◆ **Problem requirements**
From the line with "High heeled sandals" down to the final line of the material, please transcribe everything exactly, but leave the pictures out.

◆ **Information supplied**
---*---

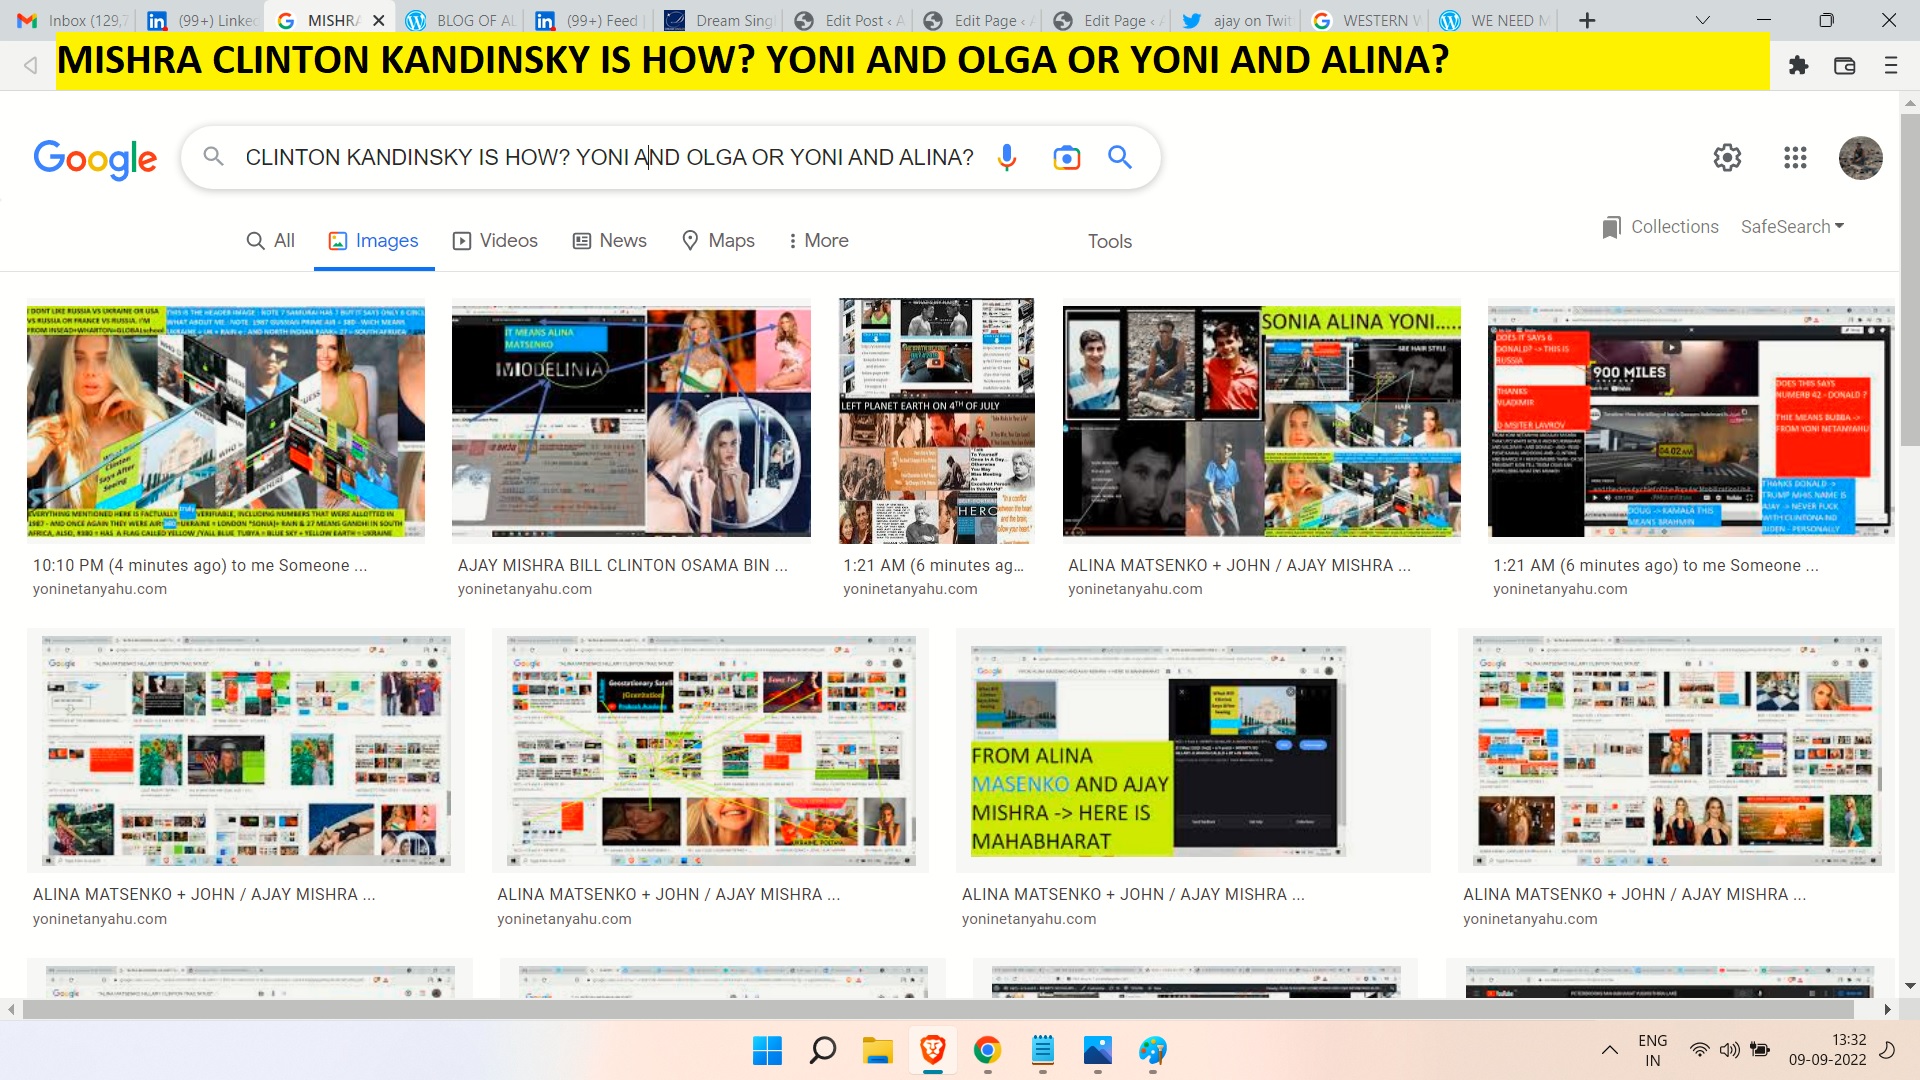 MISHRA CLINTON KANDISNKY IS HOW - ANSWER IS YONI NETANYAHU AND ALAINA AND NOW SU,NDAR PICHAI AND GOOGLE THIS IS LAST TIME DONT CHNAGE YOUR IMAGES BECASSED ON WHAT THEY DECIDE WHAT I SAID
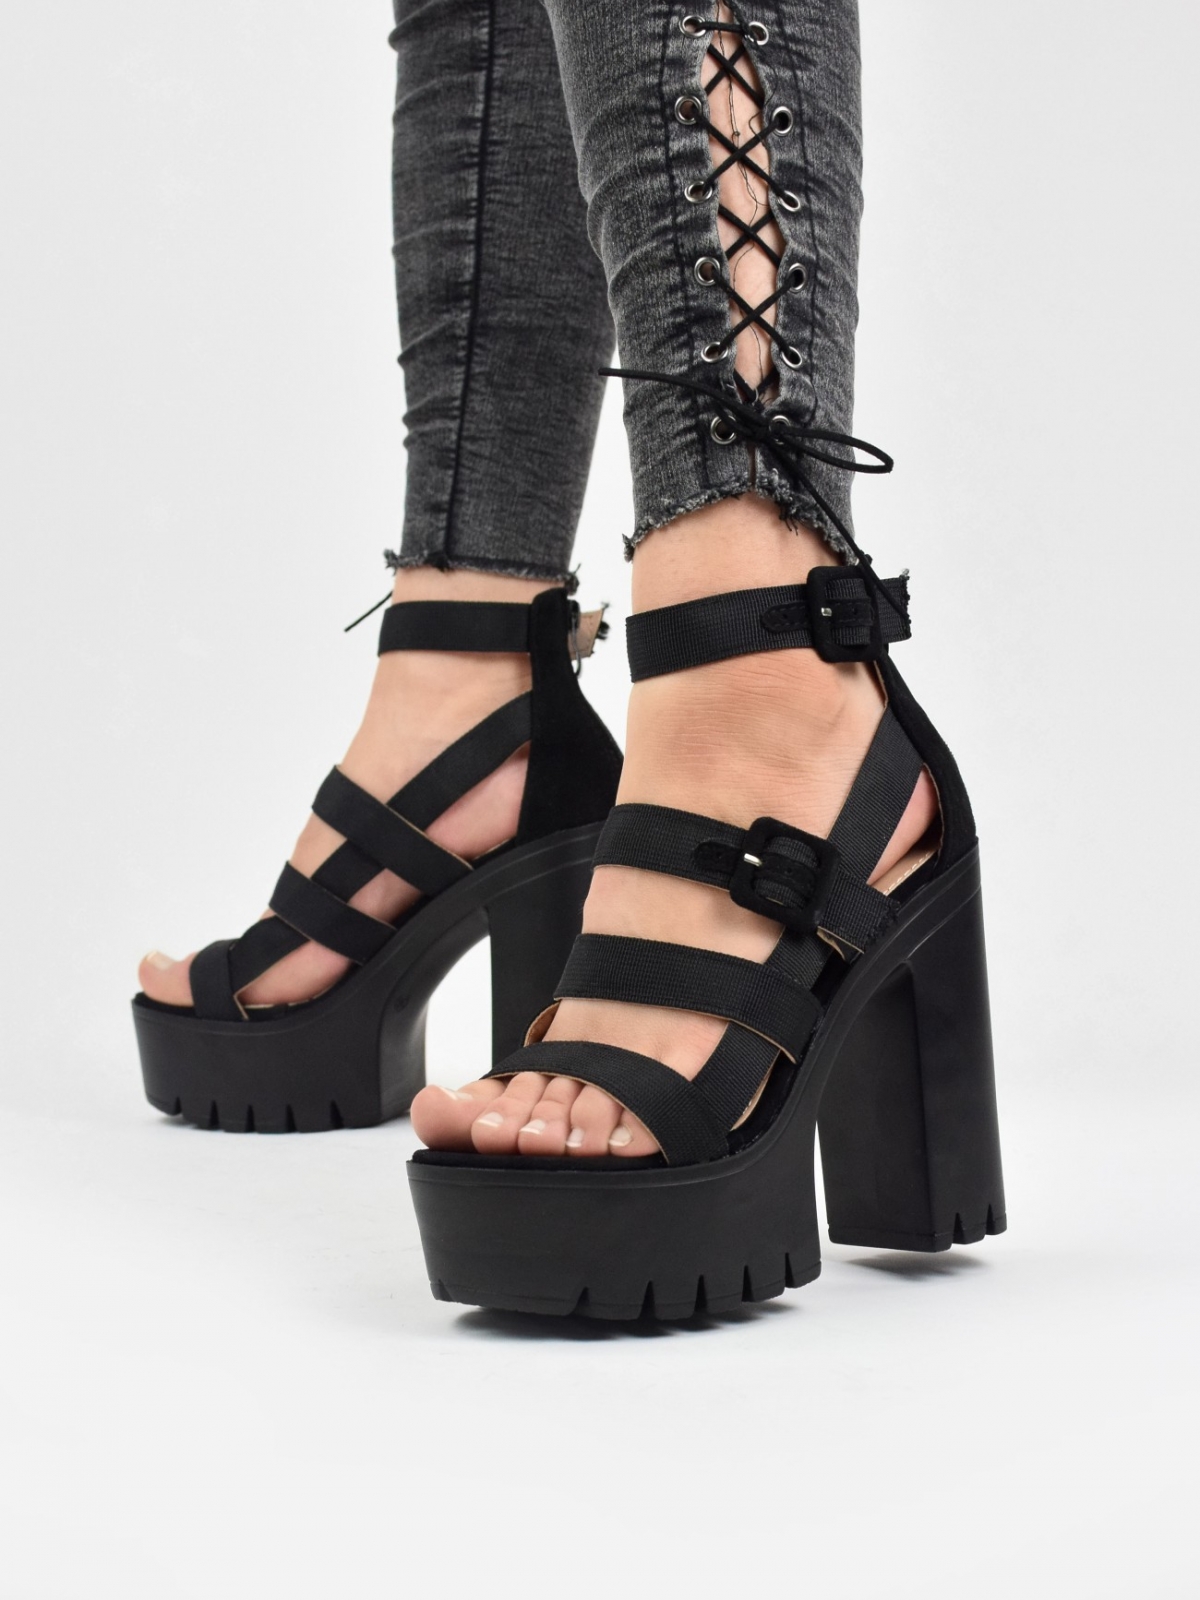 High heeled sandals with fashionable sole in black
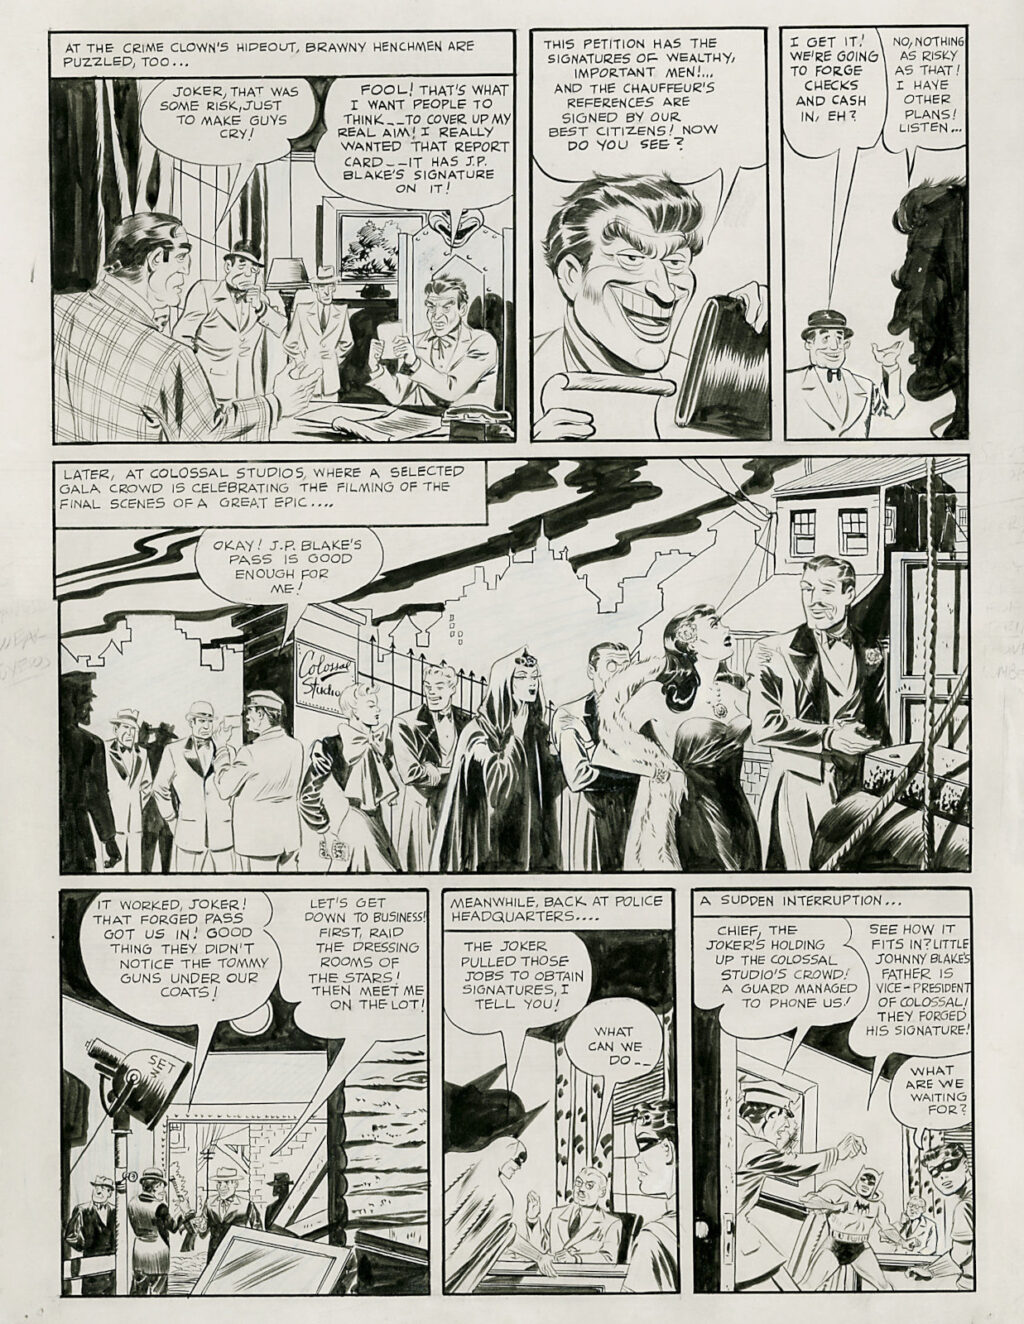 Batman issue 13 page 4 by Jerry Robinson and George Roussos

---*---

◆ **Answer section**
 High heeled sandals with fashionable sole in black
 Batman issue 13 page 4 by Jerry Robinson and George Roussos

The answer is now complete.